Aber sie zu treffen kann unangenehm sein, besonders wenn wir lange Zeit getrennt von uns gelebt haben. Weil die Wahrheit alte Vorstellungen über uns selbst zerstört und weil wir daran gewöhnt sind, kann das weh tun. In diesen Fällen empfehle ich, sich an Spezialisten zu wenden: Sie bieten zusätzliche Möglichkeiten zur Bearbeitung und emotionale Unterstützung.

Im Allgemeinen gilt: Je früher wir beginnen, uns mit der Selbsterkenntnis zu beschäftigen, desto besser für uns. Psychologen wissen, dass Zeitverschwendung eines der häufigsten Bedauern ist. Wir verlieren es, weil wir nicht auf die Signale geachtet haben, die uns die innere Welt gesendet hat.

Wann ist es besser, mit der Traumanalyse zu beginnen: sofort nach dem Aufwachen, nach einigen Stunden, Tagen?

Wann auch immer. Träume haben kein Verfallsdatum. Wenn Sie sich für einen Traum interessieren, bedeutet dies, dass er eine Verbindung zu tatsächlichen Erfahrungen hat.

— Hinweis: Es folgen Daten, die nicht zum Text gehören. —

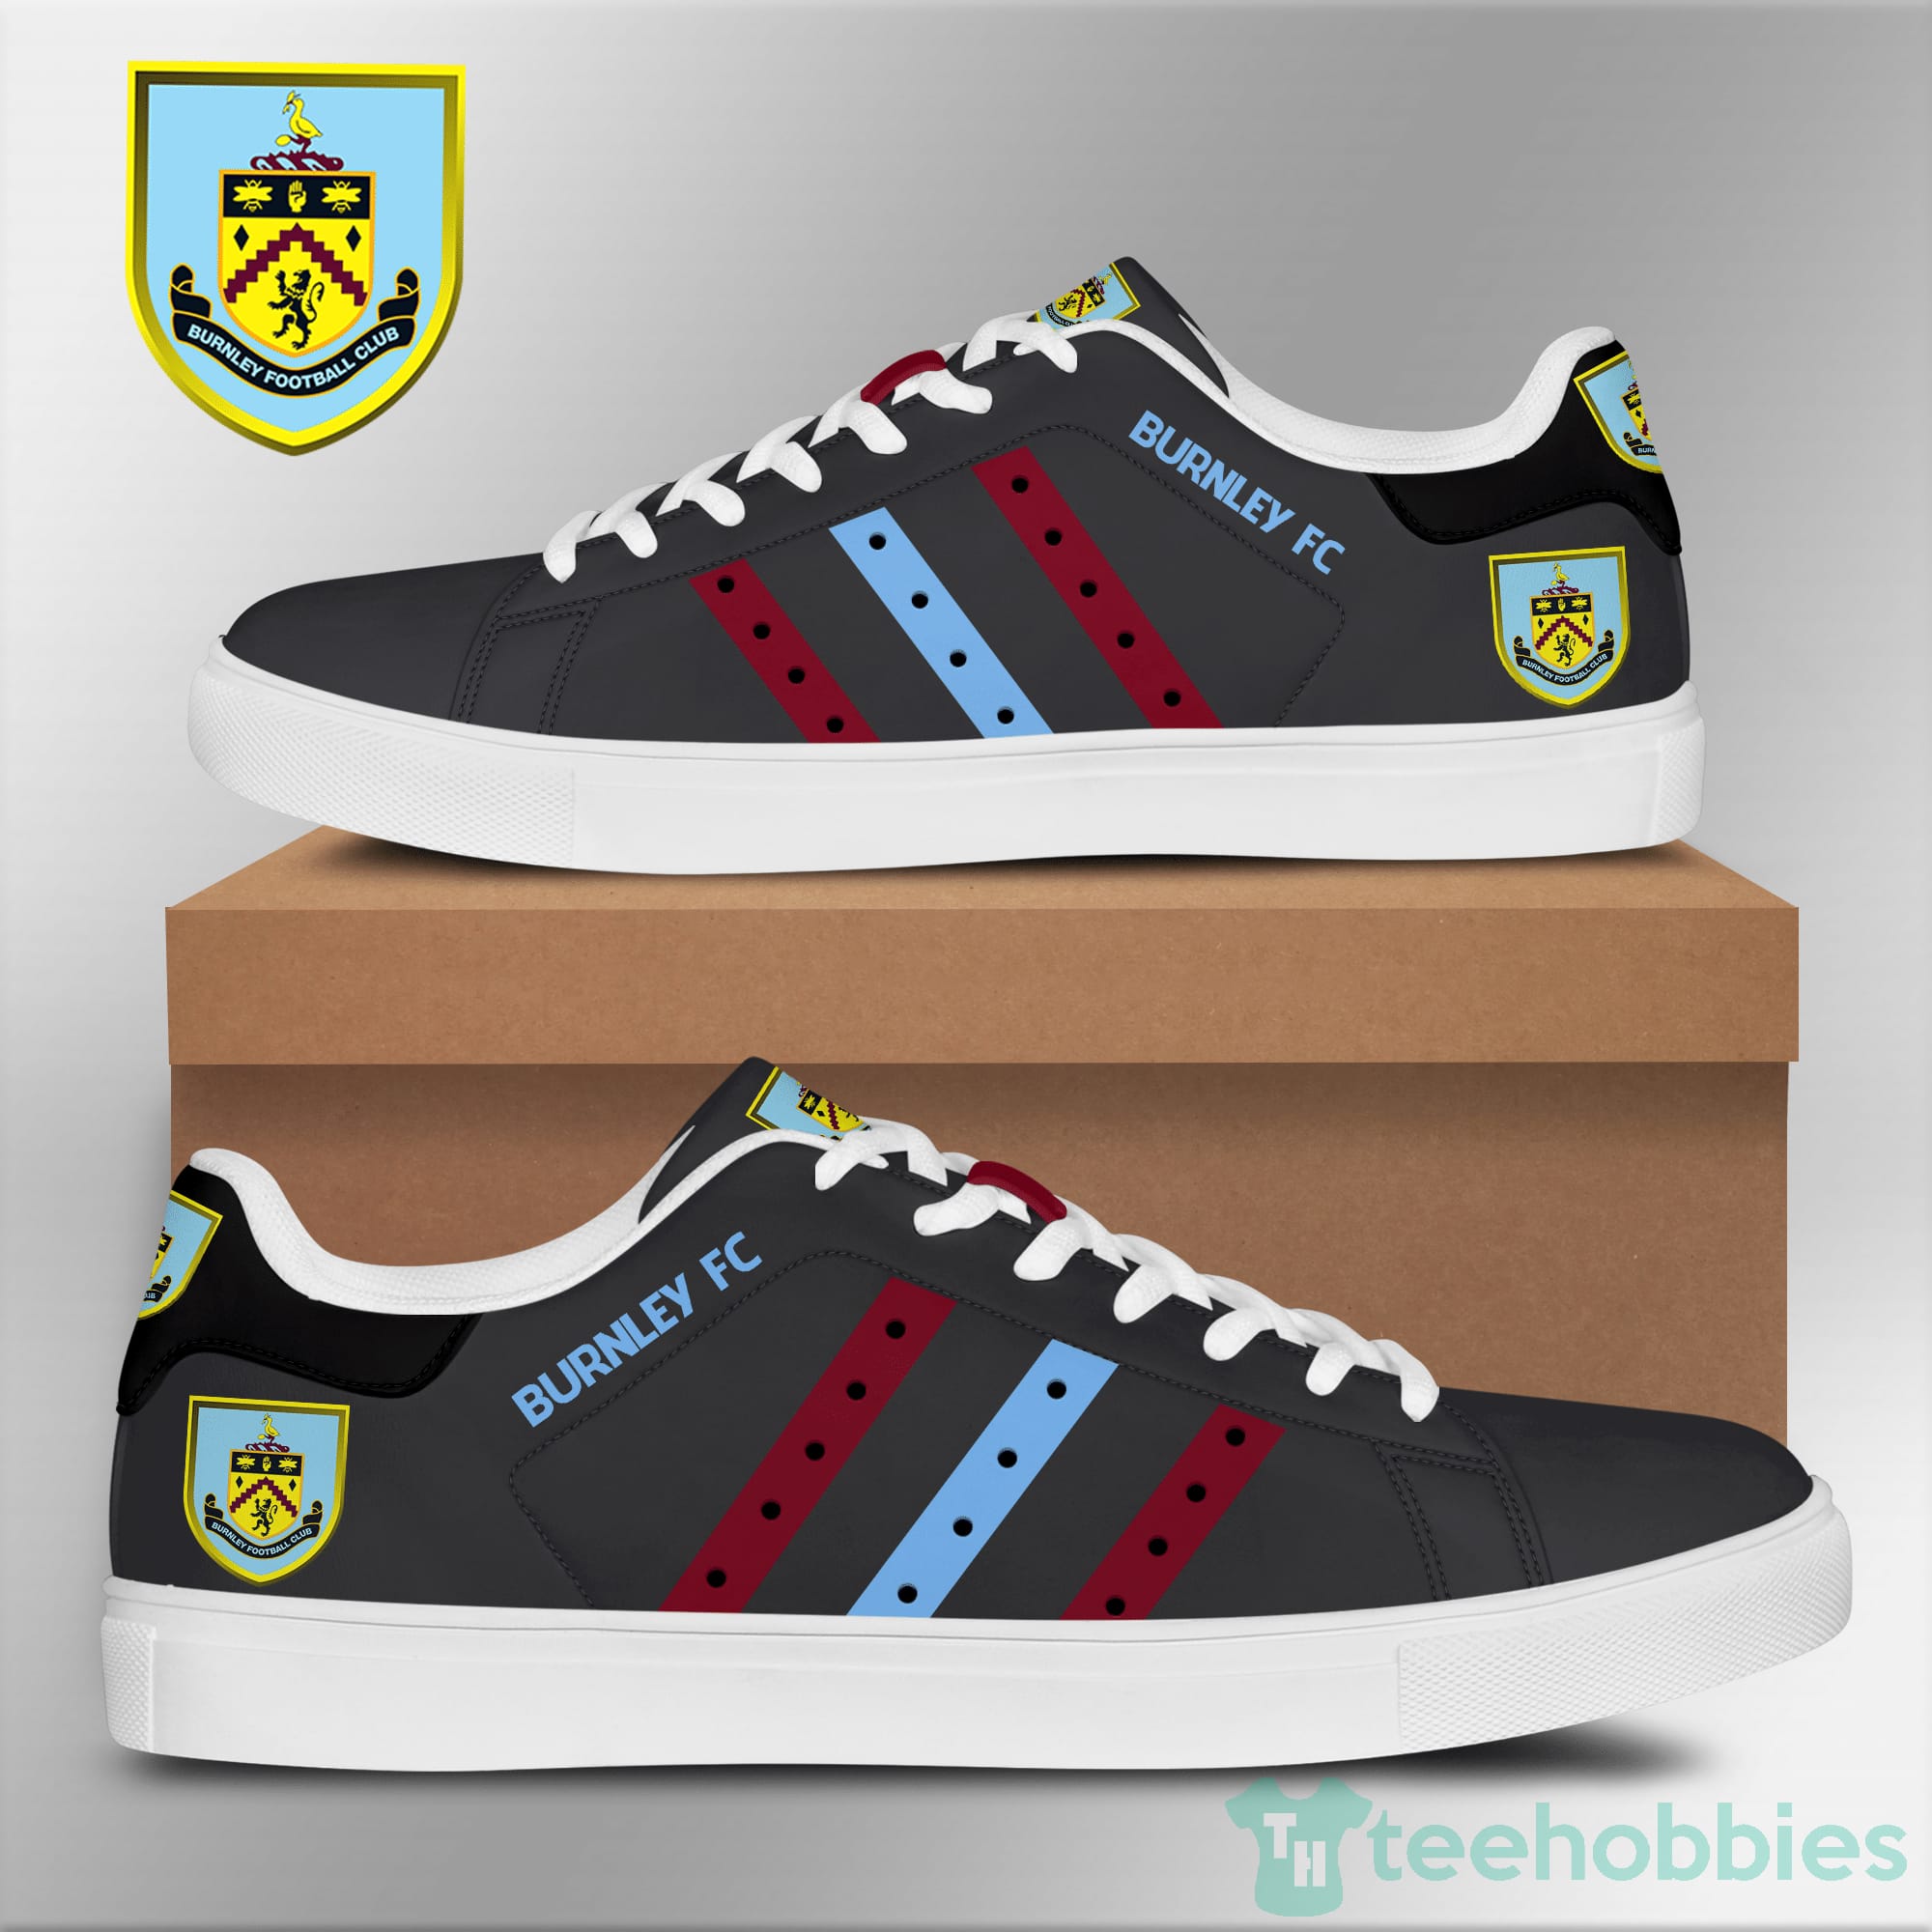 Burnley F.C Brown Low Top Skate Shoes Product photo 1

Das Buch, in dem Sie die Methodik vorstellen, hat einen lustigen Titel…

«Wie ich mein Traumbuch zerrissen habe.» Denn um Träume zu verstehen, braucht man keine vorgefertigten Bedeutungen wie in einem Traumwörterbuch, sondern einen Algorithmus zur Suche nach individuellen Bedeutungen. Das Buch hat drei Kapitel.

Die erste betrifft die Trennung zwischen mystischer und psychologischer Interpretation: Dies ist eine notwendige theoretische Vorbereitung. Das zweite sind Beispiele dafür, wie man von einer unverständlichen Handlung zu einer bestimmten Bedeutung kommt. Das dritte Kapitel enthält Antworten auf Fragen sowohl zur Technik als auch zu Träumen.

Und es gibt auch ein Notizbuch zur Selbstinterpretation. Sie können damit wie mit einem Handbuch arbeiten: Sie müssen nicht zum Buch zurückkehren, wenn Sie etwas vergessen haben, sondern folgen einfach den Schritt-für-Schritt-Anweisungen.